Discussion on Nagios Fitness for Purpose
Andy acknowledges that Nagios has a simple plug-in model, conceptual simplicity and reliability. But the drawbacks are greater. According to Andy, Nagios is difficult to scale, as it dos not support any kind of clustering. It is also difficult to configure, with lots of duplication between the Nagios server and the Nagios clients. Another sore point is the lack of an API to make system integration and custom dashboards creation easier tasks. In the age of the elasticity and the cloud, the need for the master to be told about a new client is also pointed out as a significant disadvantage.
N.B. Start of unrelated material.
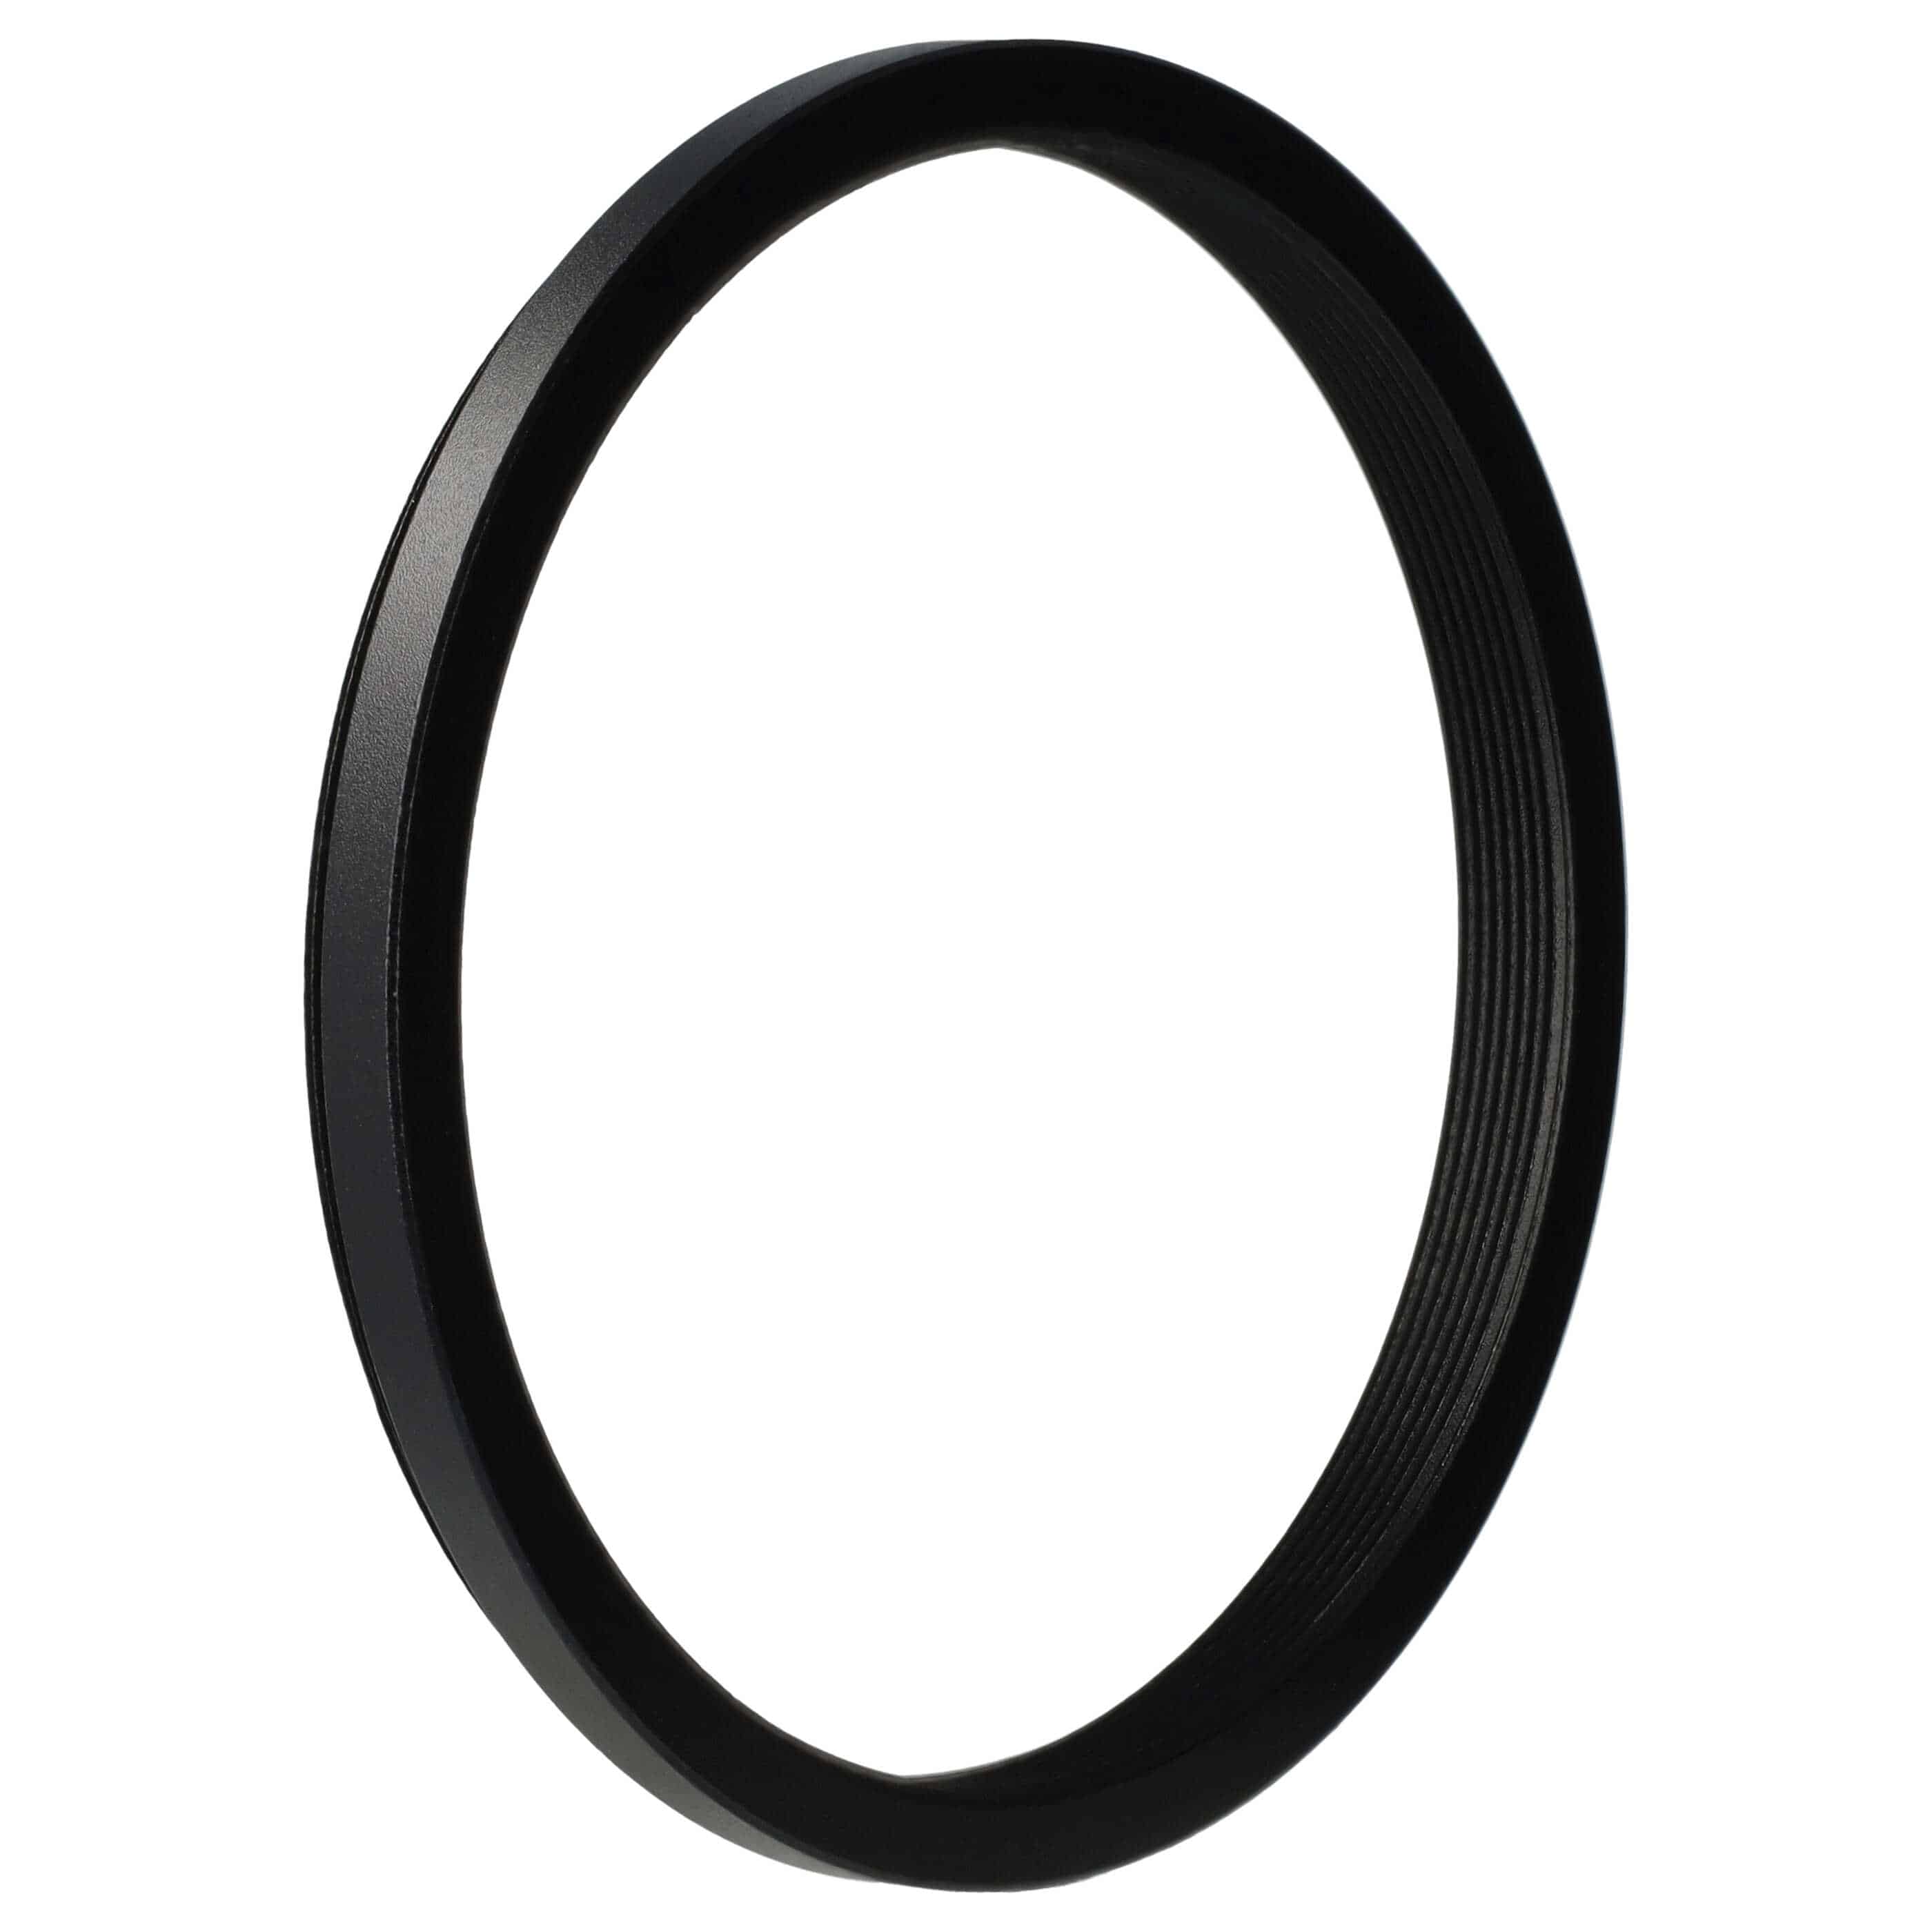 Step-Down-Ring Adapter von 67 mm auf 62 mm passend für Kamera Objektiv - Filteradapter, Metall, schwarz

Andy makes some proposals to deal with Nagios failings. He suggests that Sensu is a good fit for the monitoring problem, Graphite for the graphing needs and Flapjack for the alerting services. For the anomaly detection and user interface problems, Andy is not comfortable with any of the current offerings.
Laurie reports that Etsy has "10,000 checks in our primary datacenter, all active, usually on 2-3 minute check intervals with a bunch on 30 seconds". They had to perform some optimization adjustments. The team enabled the use_large_installation_tweaks flag to bring the latency down. The team also disabled the CPU dynamic scaling setting on their HP and Dell servers, as Nagios does not seem to play well with the power management algorithms used by those boxes. When Etsy started to use two data centers, they chose to have a Nagios instance in each of them and used Nagdash to aggregate status and reports in a single place.
On the configuration front, Laurie asserts that:
If you spend your day picking through Nagios config files, then you probably either love it anyway, you're doing a huge rewrite of your old config, or you're probably doing it wrong. You can easily automate this.
Etsy has also been using nagios-api, a third-party project that presents a REST-like JSON interface to Nagios, to automate it.
Laurie makes a broader point about Nagios' perceived failings in Andy's eyes. Laurie thinks that the Unix philosophy applies when working with Nagios: "Many small parts, applications that do a small specific thing, which you tie together using a pipe". The fact that Nagios has a strong ecosystem around it is a strong advantage in his view.
Commenting on Laurie's writings, Theo Schlossnagle leans on the "Nagios is not enough" line of thinking:
Reading telemetry off systems and providing deep insight into their behavior is what we need from the operations side. That is a broad task that requires analytics on the data collected. Nagios and the myriad products designed like Nagios simply do not allow for this approach.